For the external students, the attestation is based on their active using of moodle.
The scope of linguistic pragmatics
All pragmatic analyses aim at utmost explicitness of explanation as for the meaning of an utterance / a discourse under observation. It is necessary to keep in mind, though, that explicit interpretation in pragmatic linguistics is prevalently based on individual, context-bound data which are hard to formalize or resist to it. The difference between semantics and pragmatics traditionally seen as a difference between competence and performance can be fleshed out with the notion of discourse competence (cf. Carston 1998) – a set of principles ruling for each speaker his/her selection of syntactic and referential choices in certain context. From the viewpoint of addressees, identical set of principles rules their understanding / interpretation of chosen constructions.
Pragmatic phenomena are not a part of grammar. Nevertheless, in a language like Czech, with highly developed inflectional morphology, the interface of grammar and pragmatics is in many ways indiscernible: Personal and temporal deixis is fully grammaticalized as an integral part of complex meaning in verbal endings; also, the inflectional morphology is responsible for the extensive congruence mostly reflecting pragmatic factors. Another language-specific issue is the Czech repertory of personal pronouns/determiners/quantifiers offering a refined tool for both identification and evaluative aspects of personal deixis. Last but not least, conceptual and terminological analysis of the speech act theory has shown that specifics of Czech (as well as other Slavic languages) in this area is anchored within the tense and aspectual properties of Czech verbs.
The chosen approach to pragmatic analyses deliberately adopts the methods and ideas of the so-called moderate pragmatics (cf. Cappelen – Lepore 2002) as delimited in opposition towards “radical pragmatics“ represented esp. by J.R. Searle (1983, e.g.). The point is that radical pragmatics denies a direct dependence of the meaning of an indicative sentence and its truth conditions even though (1) the meaning or semantic value of every word in sentence S has been specified; (2) all the relevant compositional /syntactic rules for S have been specified; (3) every ambiguous expression in S has been disambiguated and every vague expression in S has been precisified; (4) the referents of every referring expression in S (including indexical ones and those ´hidden´ in logical form) have been determined. According to radical pragmatics, sentences neither have truth conditions nor say or express anything, even with (1) – (4) being settled. In the view of radical pragmatics, meaning of a sentence always leaves space for variance of truth conditions at every use, therefore, it is always just “applied“, a sentence itself being just a „vehicle“. Moderate pragmatics does not deny the existence of indicative sentences truth conditions of which go beyond the semantic values of their components (cf. well known examples Vzali se a měli dítě vs Měli dítě a vzali se).

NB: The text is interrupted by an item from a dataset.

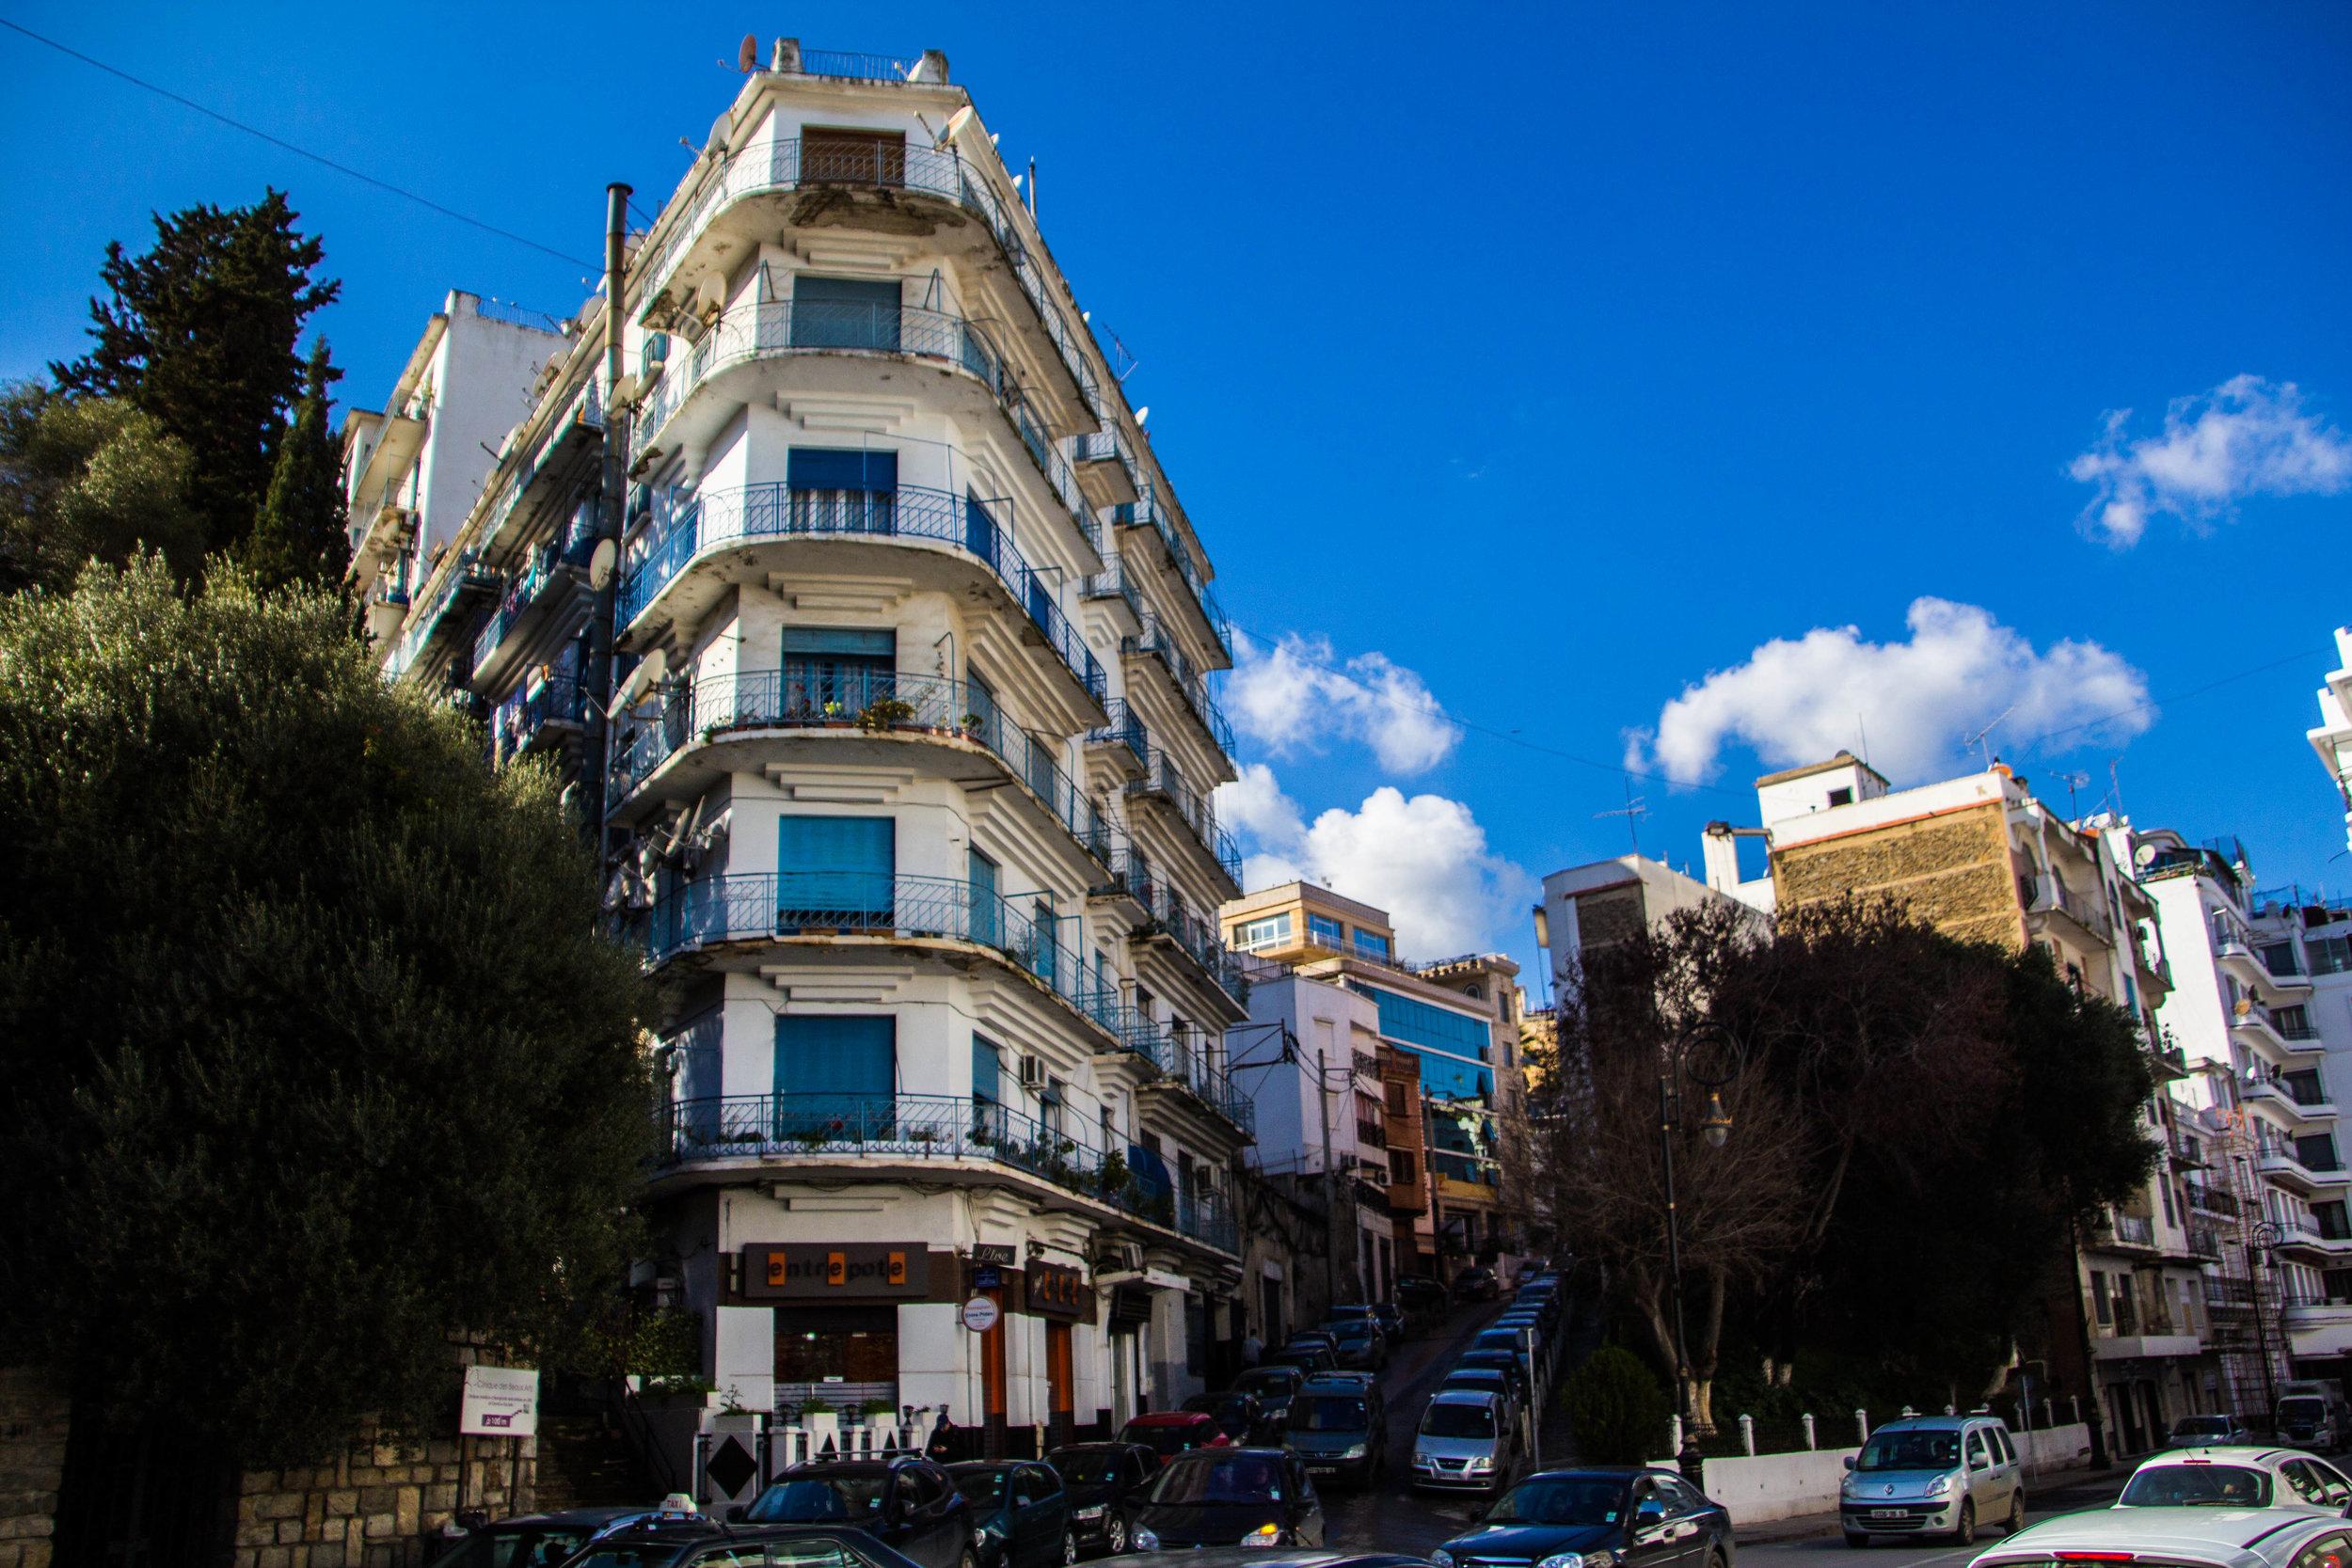 streets-algiers-algeria-1.jpg

Nevertheless, if conditions (1) – (4) have been fulfilled it is possible to settle (or derive, or otherwise specify) a/the conditions under which S is true; b/the proposition expressed by S; c/ what intuitively is (literally) said by S. Even though the importance of contextual factors (in the interpretation of speech acts, e.g.) cannot be denied, the present book avoids the radical approach.
As for the existing definitions of linguistic pragmatics the book tries to cover both the “extensional“ conception studying the pragmatic aspects of human linguistic behaviour (reference, illocution, im/politeness) and “intensional“ conception, usually represented by the words of G. Gazdar: “Pragmatics has as its topic those aspects of the meaning of utterances which cannot be accounted for by straightforeward reference to the truth conditions of the sentences uttered. Put crudely: PRAGMATICS = MEANING – TRUTH CONDITIONS.“ (Gazdar 1979, p. 2.). Also, the notion of pragmatic dimension of language phenomena (Kořenský 1994, Verschueren 1999) has been adopted, saying that every linguistic unit larger than a phoneme can be viewed in a pragmatic perspective. Pragmatic perspective consists in seeing the language phenomena not from the viewpoint of their form and position in the grammar of a given language but from the viewpoint of their role and use in verbal communication - it is communication where the pragmatic dimesion of linguistic entities emerges.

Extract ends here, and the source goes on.